Data provided:
# # # # #
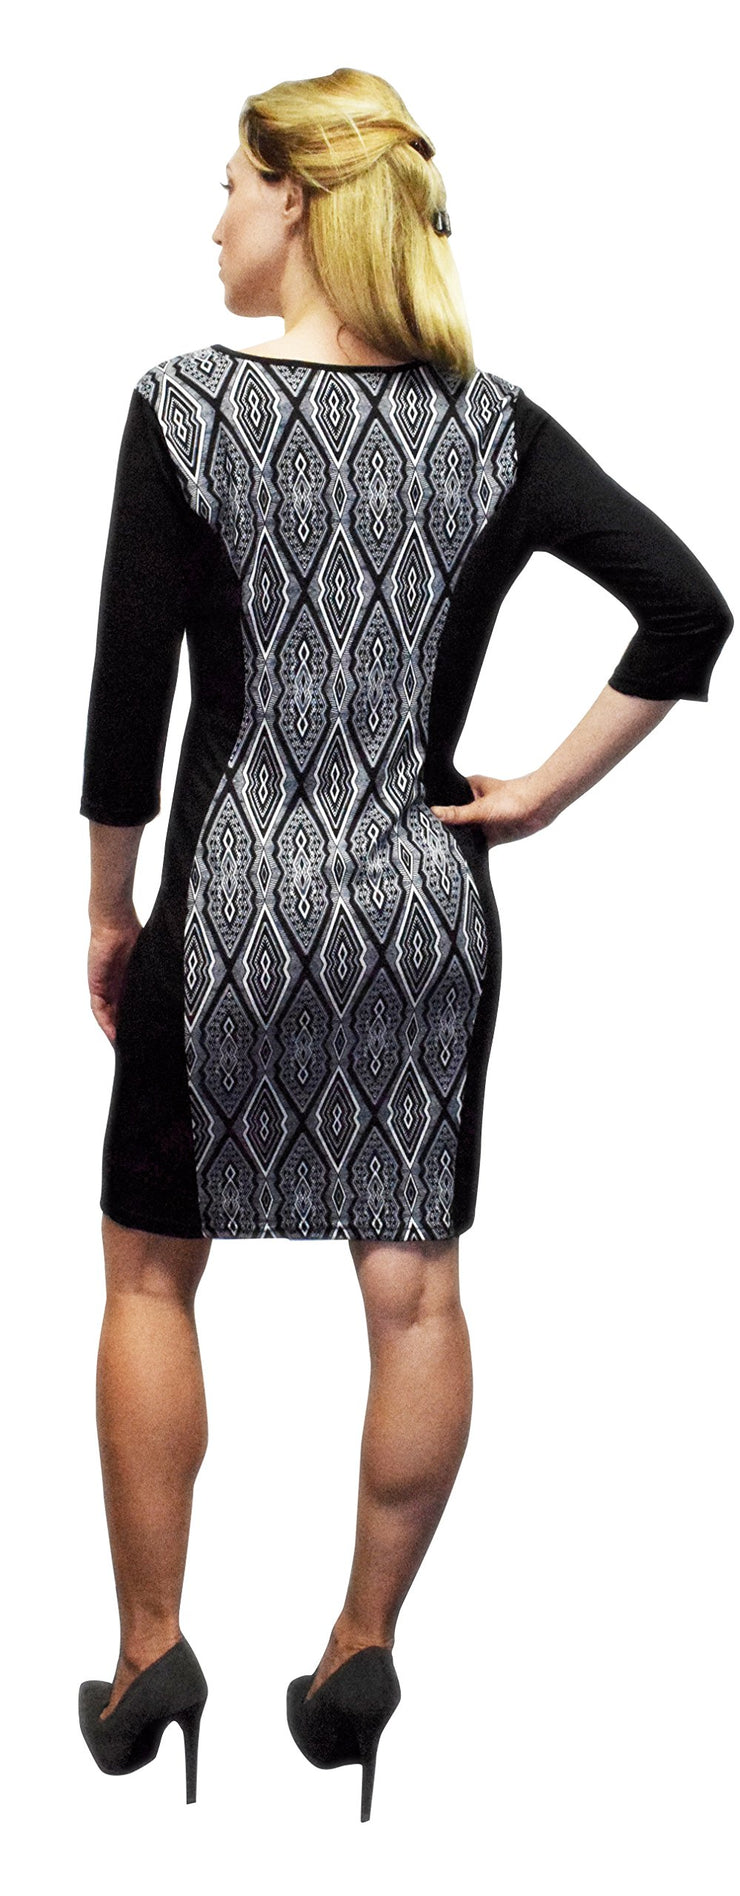 Peach Couture 3/4 Sleeves Chic Printed Work Business Party Sheath Slimming Dress
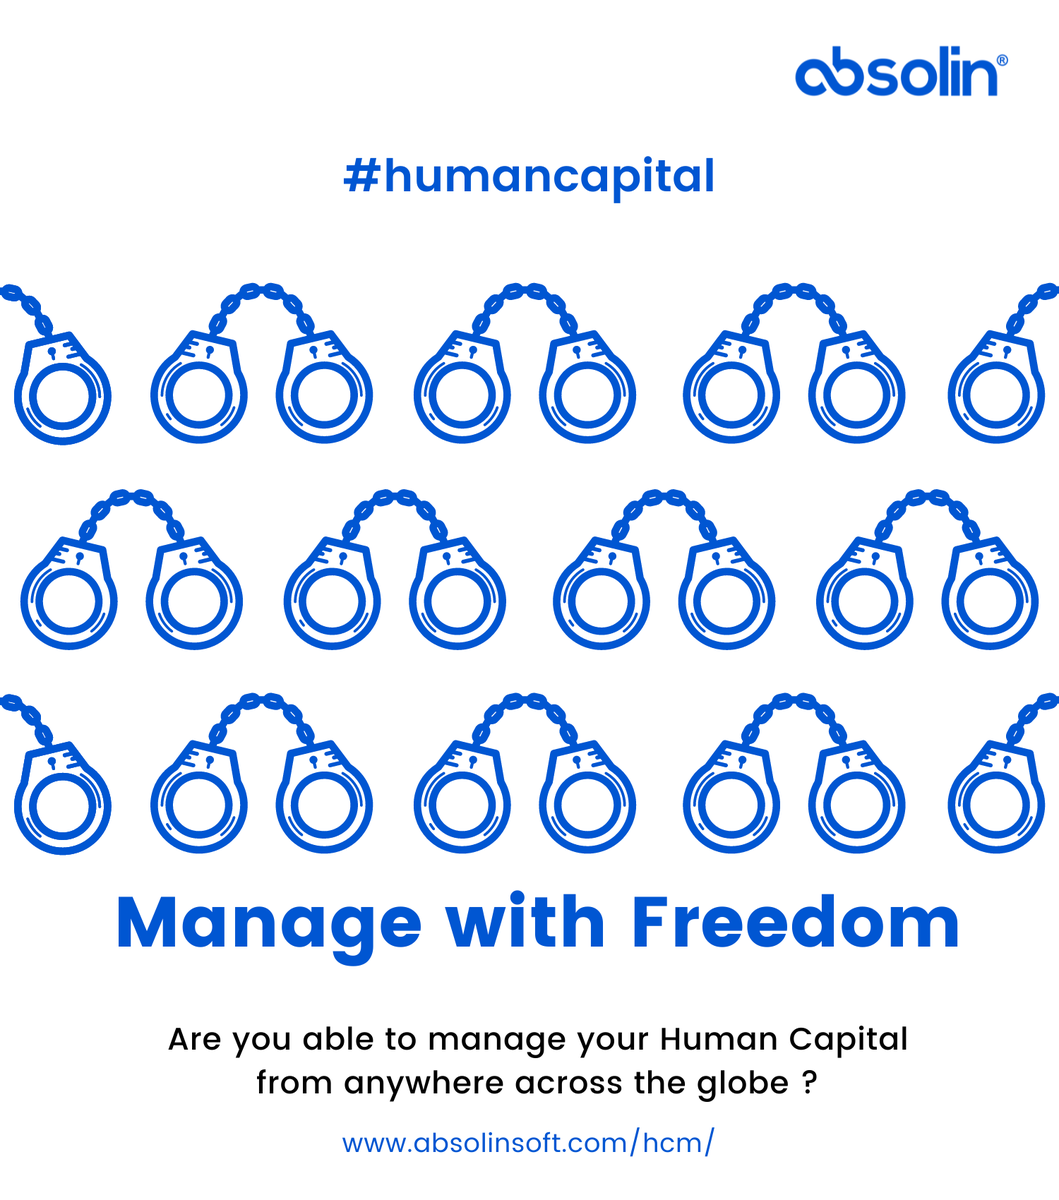 Remotely manage your human capital from any part of the world with ABSOLIN HCM.
#hcm #hcmtechnology #hcmcloud #hcmsoftware #hcmhr #hrhcm #cloudhcm #humancapital #humancapitalmanagement #cloud #hr #hrmanagement #employeemanagement #technologytransformation #technologysolutions
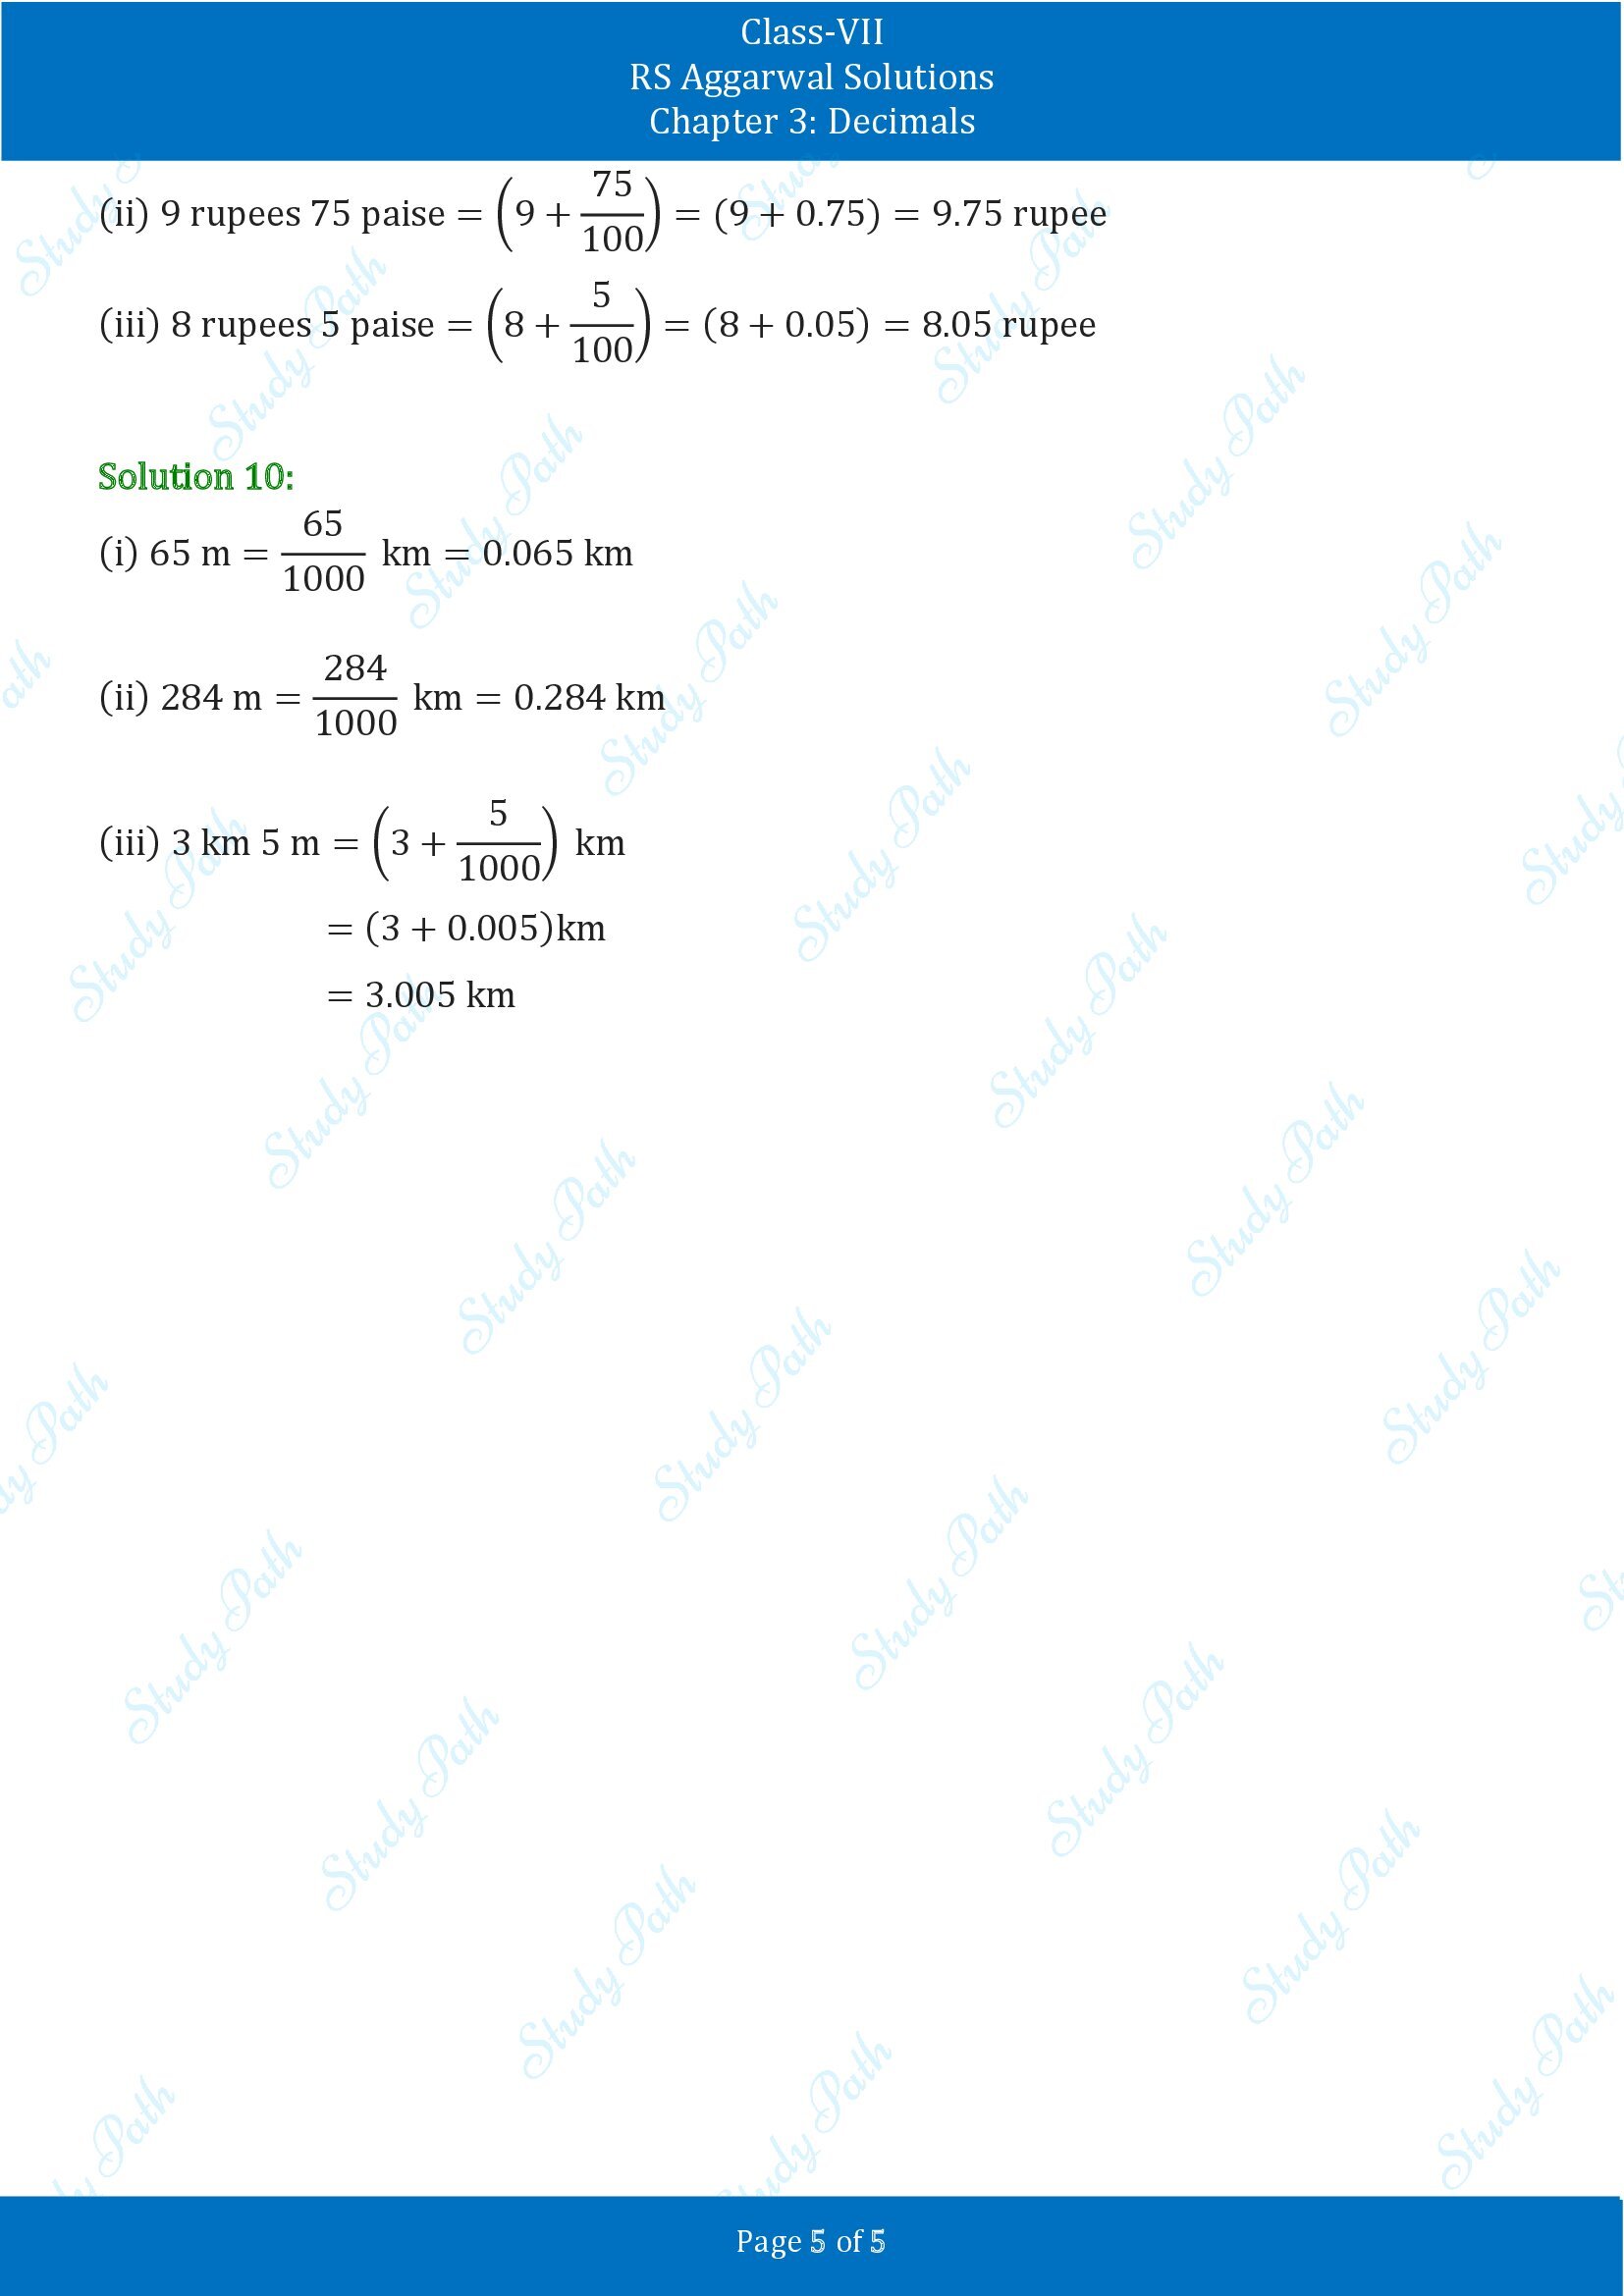 RS Aggarwal Solutions Class 7 Chapter 3 Decimals Exercise 3A 00005
# # # # #
What is needed: Give back the listing exactly, with the pictures removed.

Written response:
 Peach Couture 3/4 Sleeves Chic Printed Work Business Party Sheath Slimming Dress
 Remotely manage your human capital from any part of the world with ABSOLIN HCM.
#hcm #hcmtechnology #hcmcloud #hcmsoftware #hcmhr #hrhcm #cloudhcm #humancapital #humancapitalmanagement #cloud #hr #hrmanagement #employeemanagement #technologytransformation #technologysolutions
 RS Aggarwal Solutions Class 7 Chapter 3 Decimals Exercise 3A 00005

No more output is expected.